As a freelancer and foreign correspondent for Time Magazine and The New Yorker, she knows what she is talking about. She has seen the results of inaction. She has seen the horrors of the Balkans, and also reported on Sudan and Rwanda. Mass atrocities are therefore not an abstract concept to her, which, I think, makes her quite unique in the world she works in. She also knows that governments and international organizations are complicated systems dominated by self-interest and geopolitical considerations.

Power is a woman of action, not of endless debates, hollow statements, and daft bureaucracy. Though I was quite disappointed by her overall record, under the Obama administration, she did take the lead on human rights issues. She was able to convince President Obama to set up a no-fly zone in Libya in order to protect civilians, she pushed the White House to take interest in Darfur (though not enough), and she called for action against the Lord’s Resistance Army. Regarding the intervention in Libya, she stated that a failure to establish a no-fly zone would have been “extremely chilling, deadly and indeed a stain on our collective conscience.” Then she also pushed the administration to address genocide prevention by helping to create and by chairing Obama’s new Atrocities Prevention Board (APB). Although the APB still has to show real results, the creation of the Board itself was a crucial step toward genocide and mass atrocity prevention.

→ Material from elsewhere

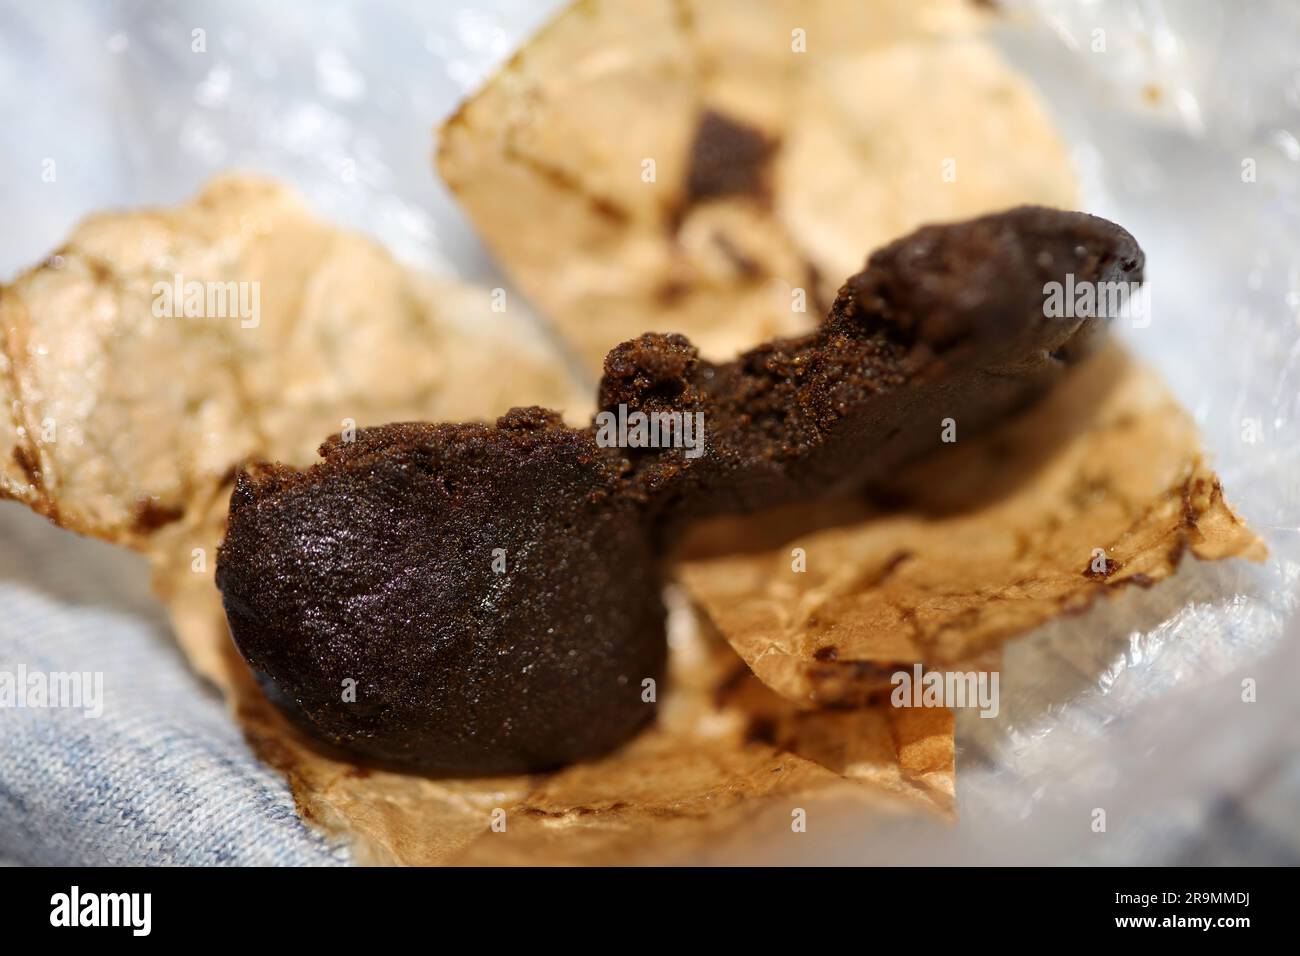 Detail of medical marijuana nepalese high thc brown charas close up bio cannabis resin hashish in Nepal extraction dry hash pollen big size amazing qu Stock Photo

Could Samantha Power’s nomination lead to a change in policy on Syria and other far-away places that the US and the international community often try to put on the backbench? This is difficult to say. By now, there is no good solution on Syria, just one that it less bad than others. At the Security Council Power will represent the White House’s foreign policy but Obama remained elusive when referring to what Power’s nomination would mean to US foreign policy: “”She knows that American interests are advanced when we can rally the world to our side. And she knows that we have to stand up for the things that we believe in. And to ensure that we have the principled leadership we need at the United Nations, I would strongly urge the Senate to confirm her without delay.” “American interests”, “things that we believe in” and “leadership”? These are vague concepts with ever-changing meanings depending of interests at stake.

But her nomination is a sign of hope. First, She may no have a career as a diplomat but this is perhaps what is needed as well. Plus, as a member of the Obama administration, I believe that she learned the difficulties and limits of policymaking. Second, she is a careful interventionist because as much as she defends the security of civilians, she always knows that intervention can backfire and make matters worse if they are not carefully thought over. As she stated herself “(…) any intervention is going to come under fierce criticism, but we have to think about lesser evils, especially when the human stakes are just becoming ever more pronounced.”

She is an able and knowledgeable activist who may be able to bring important policy changes by suggesting alternative pathways. Even Senator John McCain, who has been urging the US to arm Syrian rebels, believes in her capabilities and welcomed her nomination. My main concern is whether she will be able to be heard and if she will have the ability and capacity to reconcile her believes, American interests and the self-interested nations that sit at the Security Council. If this is the case, she may be able to take decisive action.